So I finished my Month of Thankfulness post & what do you know...the very last day of November I had another thing to be thankful for.
Of course, I should be thankful for that every day, but I kinda sorta figured that being alive was implied in the mere fact that I was grateful for the ability to enjoy the things I listed. It's pretty much a doesn't-have-to-be-said that I am thankful to be alive, like everyone else.
Last Saturday night, though, gratefulness got shoved right in my face & it smeared its thankful little body all over me.

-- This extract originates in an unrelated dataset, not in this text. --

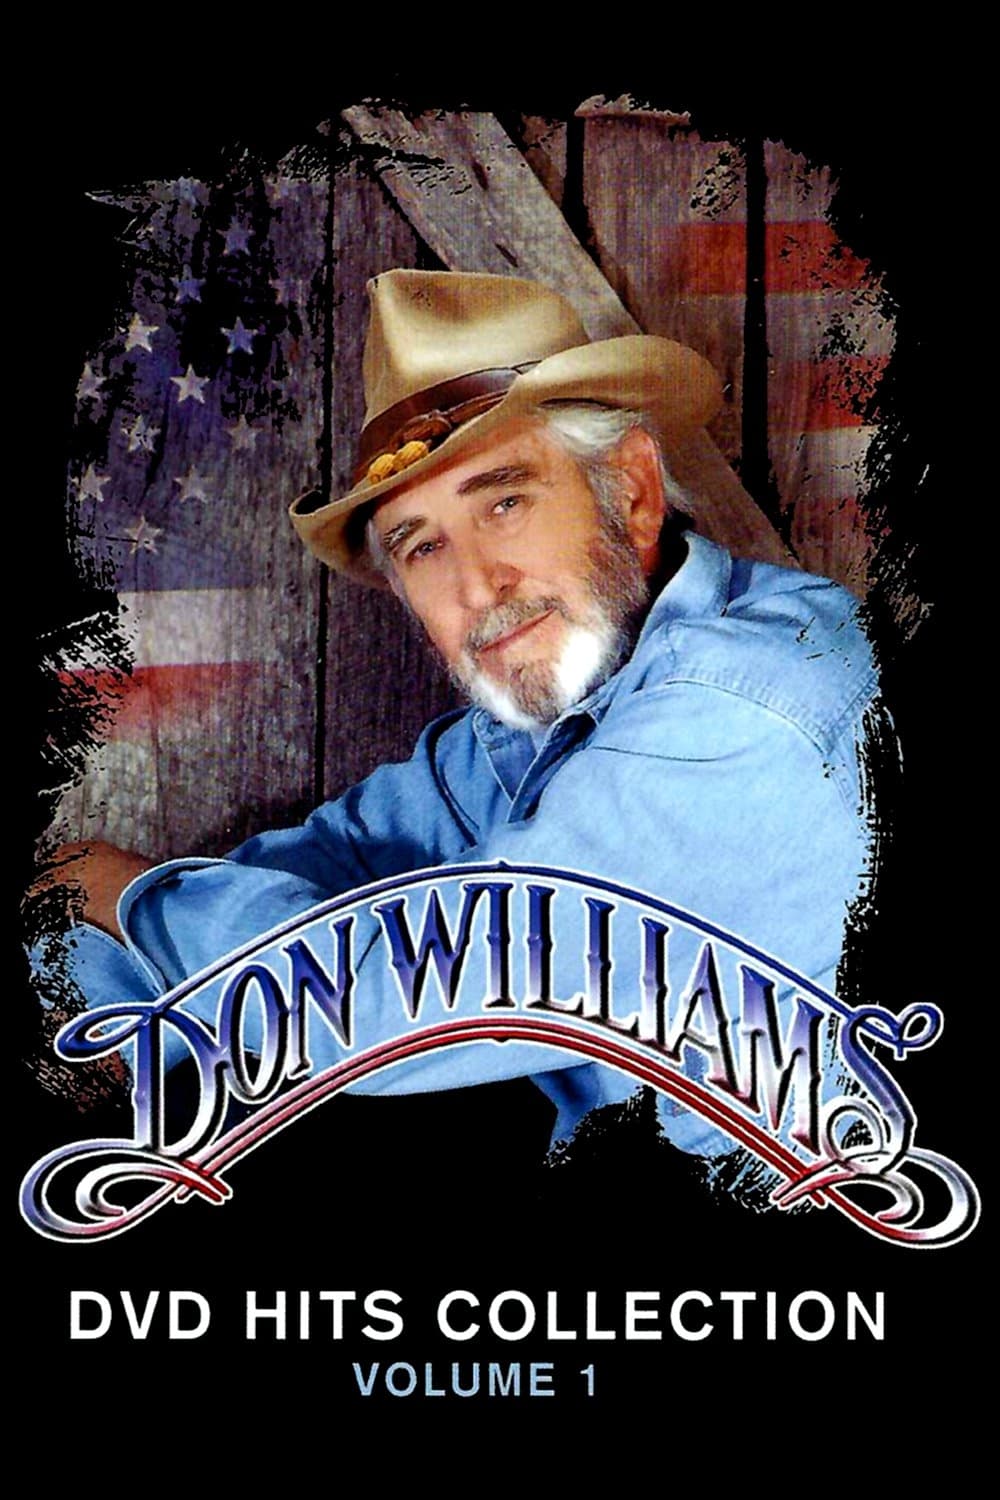 Don Williams DVD Hits Collection Volume 1

On that fateful Saturday, hubby brought in our artificial Christmas tree, the one that I got a year ago & didn't put up until now, & together we laid out all the pieces. We sorted the branches on the floor & couch. We put the pieces together. We stood back & admired our beautiful tree.
Hubby put the lights on the tree. I had the bows & ribbons ready to go on after the kids decorated it with me the next day. We turned the lights on & sat down to watch a movie.

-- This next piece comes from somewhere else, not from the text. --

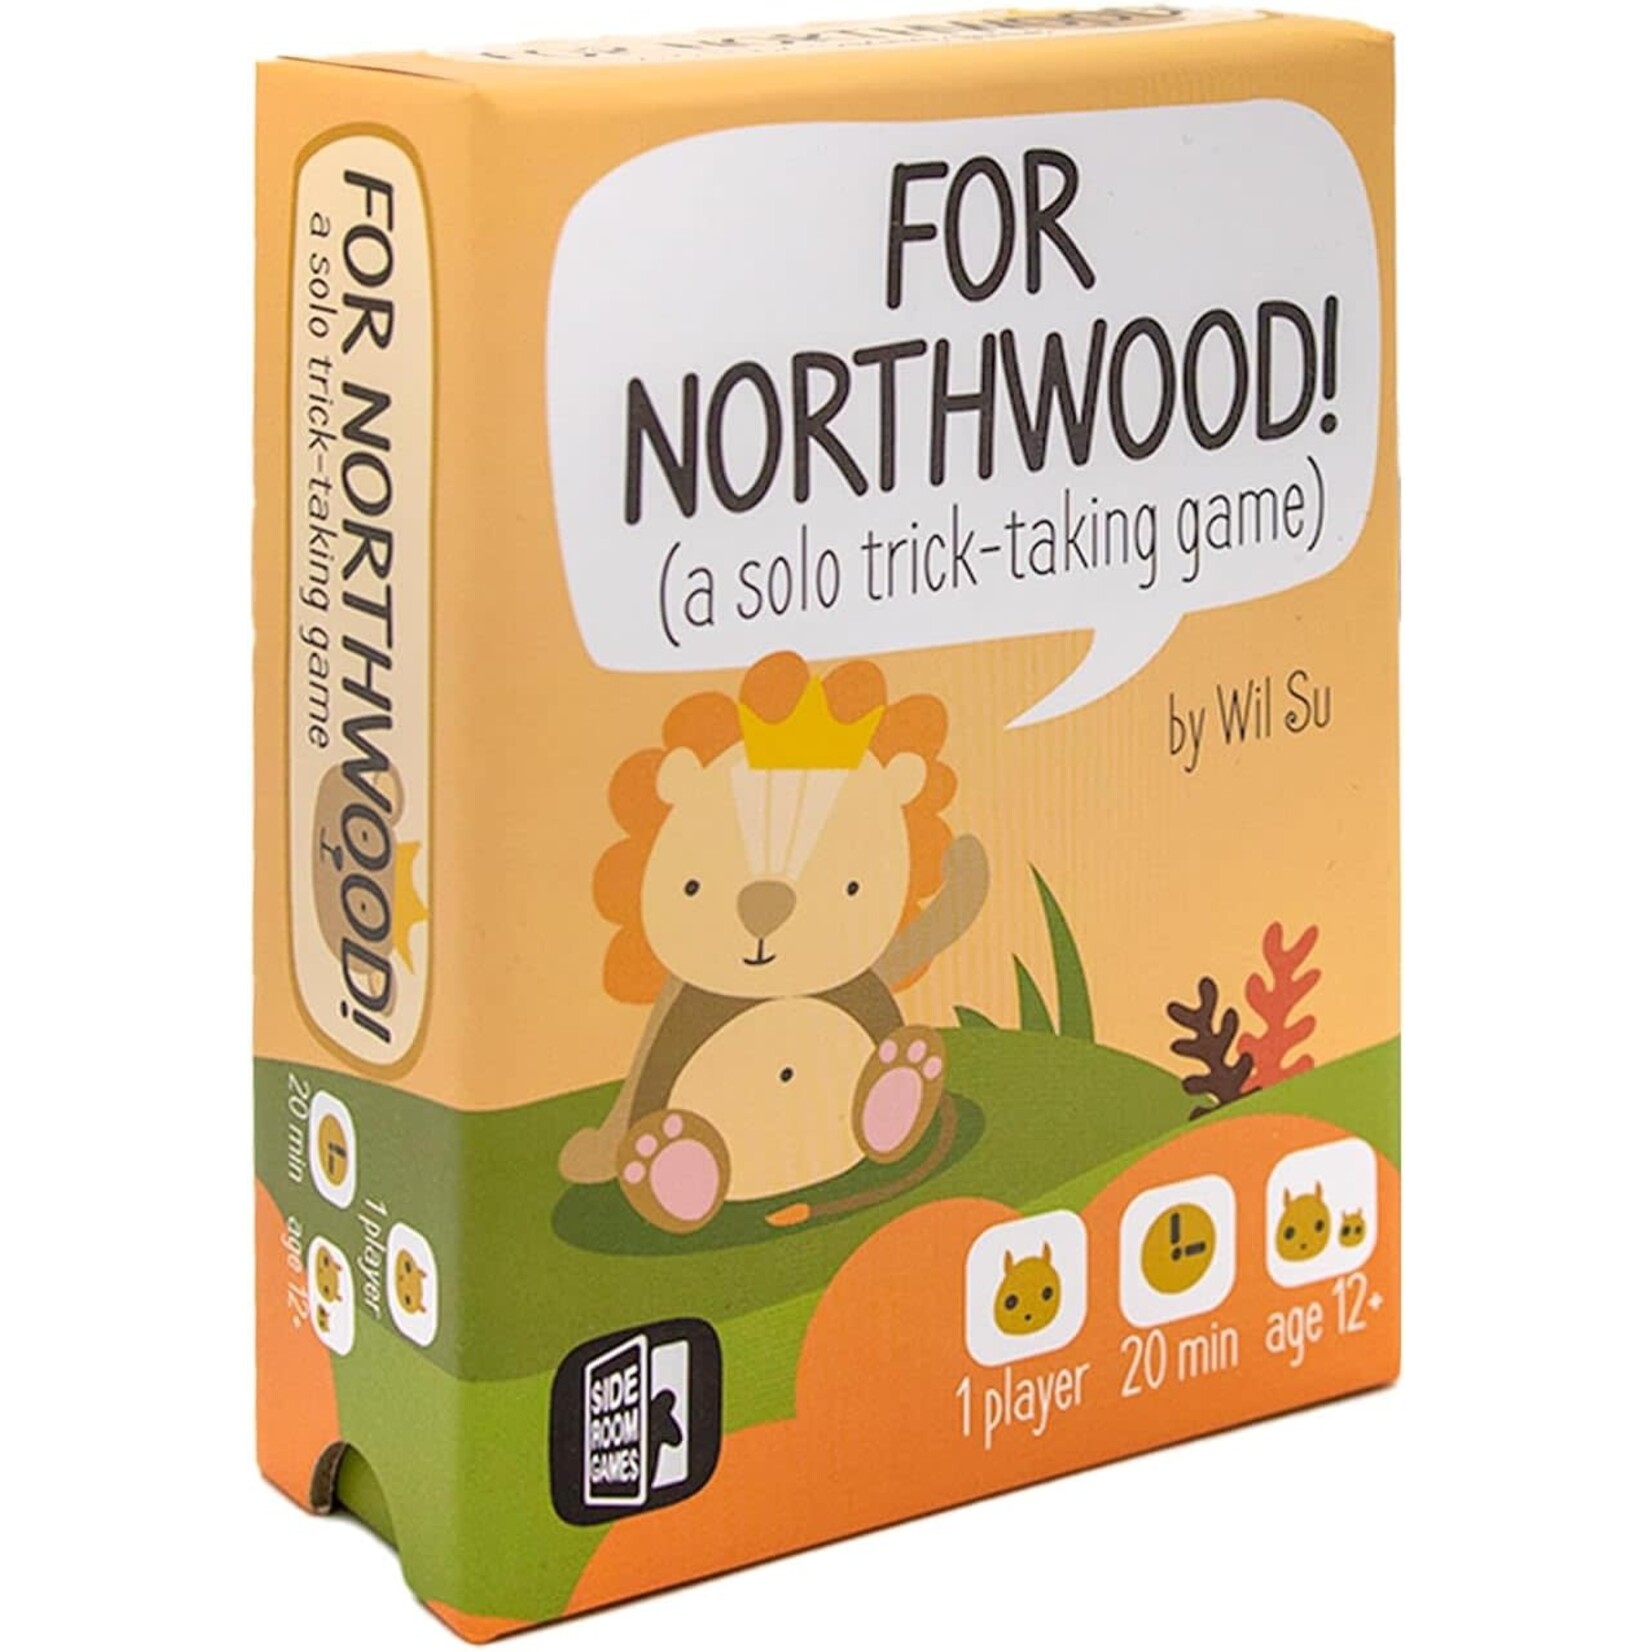 Side Room Games For Northwood! (a solo trick-taking game)

It was then that my skin felt like it was on fire. I took my shirt off & ask the hubs to scratch my back for me. He kinda sorta gasped & said my skin was bright red. And I kinda sorta panicked cuz I knew it was pretty gosh darn red if he could see it, since being color blind prevents him from seeing most shades of red. "Hmm. I wonder why it's so red & burning."

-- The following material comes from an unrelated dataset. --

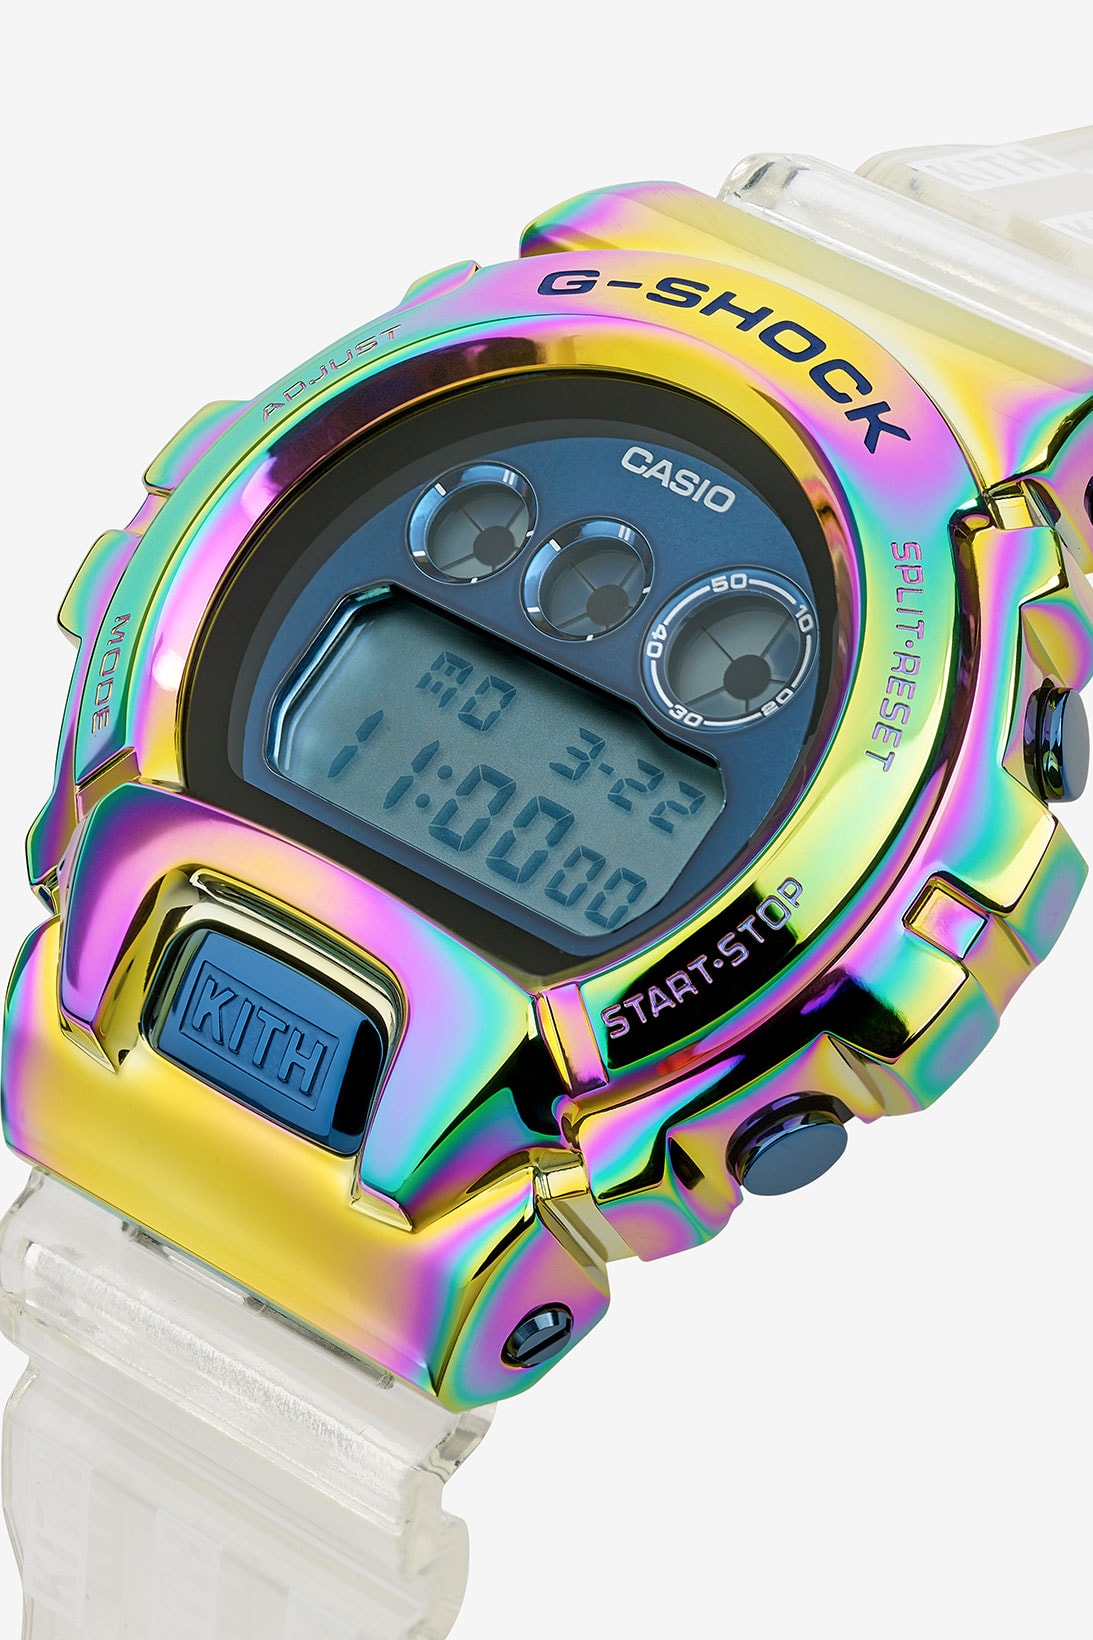 kith g-shock gm-6900 rainbow watches collaboration face details digital

Hubby scratched my back & we tried to watch the movie anyway. Within seconds I suddenly couldn't breath right. It was like someone was holding the middle of my lungs shut & my breath was caught at the top of my lungs. I told hubby that it hurt to breath & he went online to see if fake tress have latex in them because that was the only thing that was new in our house for me to be having a reaction to. While he was still typing into the search engine, my difficulty breathing dramatically increased. I had a hard time telling him that I felt like a band was squeezing my lungs & I couldn't get a breath deeper than my throat, but I managed to stay calm & say, "This is bad. Come here."
Hubby grabbed an Epi-Pen & came at me. I was still sitting on the couch when he rammed that thick needle into my thigh, right through my pants. Ow.
Then we found out that not only are fake trees made with latex but when you turn the lights on, which we had, they release the latex into the air. And straight into my lungs, where it definitely should not be.
It only took 2 seconds & I was suddenly breathing again & the fire-red rash covering my arms & back was completely gone. Woot woot.
Then I lost it.
I bawled like a baby.
Hubby held me while I cried. He said I was so calm during it all that he had no idea it was as bad as it actually was. While he knew I was having a reaction that needed immediate attention, he didn't realize just how badly I was struggling to breath.
Yay for my "stay calm in emergencies" trait that everyone always comments on. Apparently even when the emergency is about me I can still remain calm in the situation so I can keep others calm.
I still get shaken over it, because I came so close to not being here any longer. I'm sure the Almira Gulch in my life is all upset reading this, thinking that I did not die last Saturday night, but hey girl, if you haven't figured out by now, you're not going to be rid of me. Bwahahaha<----that's my evil laugh
After the epinephrine fully absorbed into my system, it wasn't so easy to eat or drink. Hubby was absolutely no help either. He just sat there laughing as I'd pick my cup up & splash water all over myself & up my nose. I just wanted a sip of water<----that's my whiny voice
And knitting? Forget it. I stabbed myself with the knitting needles more than I actually got any stitches moving. By that point, knitting was more of a danger to the cats' eyballs & hubby's family jewels than it was a relaxing hobby for me. With as predictable as it was to know where those needles would end up after being violently launched out of my fingers from an Eddiquake, it wasn't worth the risk. Forget finding a doorway to stand under for an earthquake; when it's an Eddiquake, you assume the Junk Covering Position & tightly close your eyes.
Like your martini shaken & not stirred? Shoot me full of epi, put the shaker in my hand, & I'll do better than any Martini Mixing Machine at getting that mixed for ya.
So I'm thankful I'm alive & I'm equally as thankful for the life of the person that invented Epi-Pens.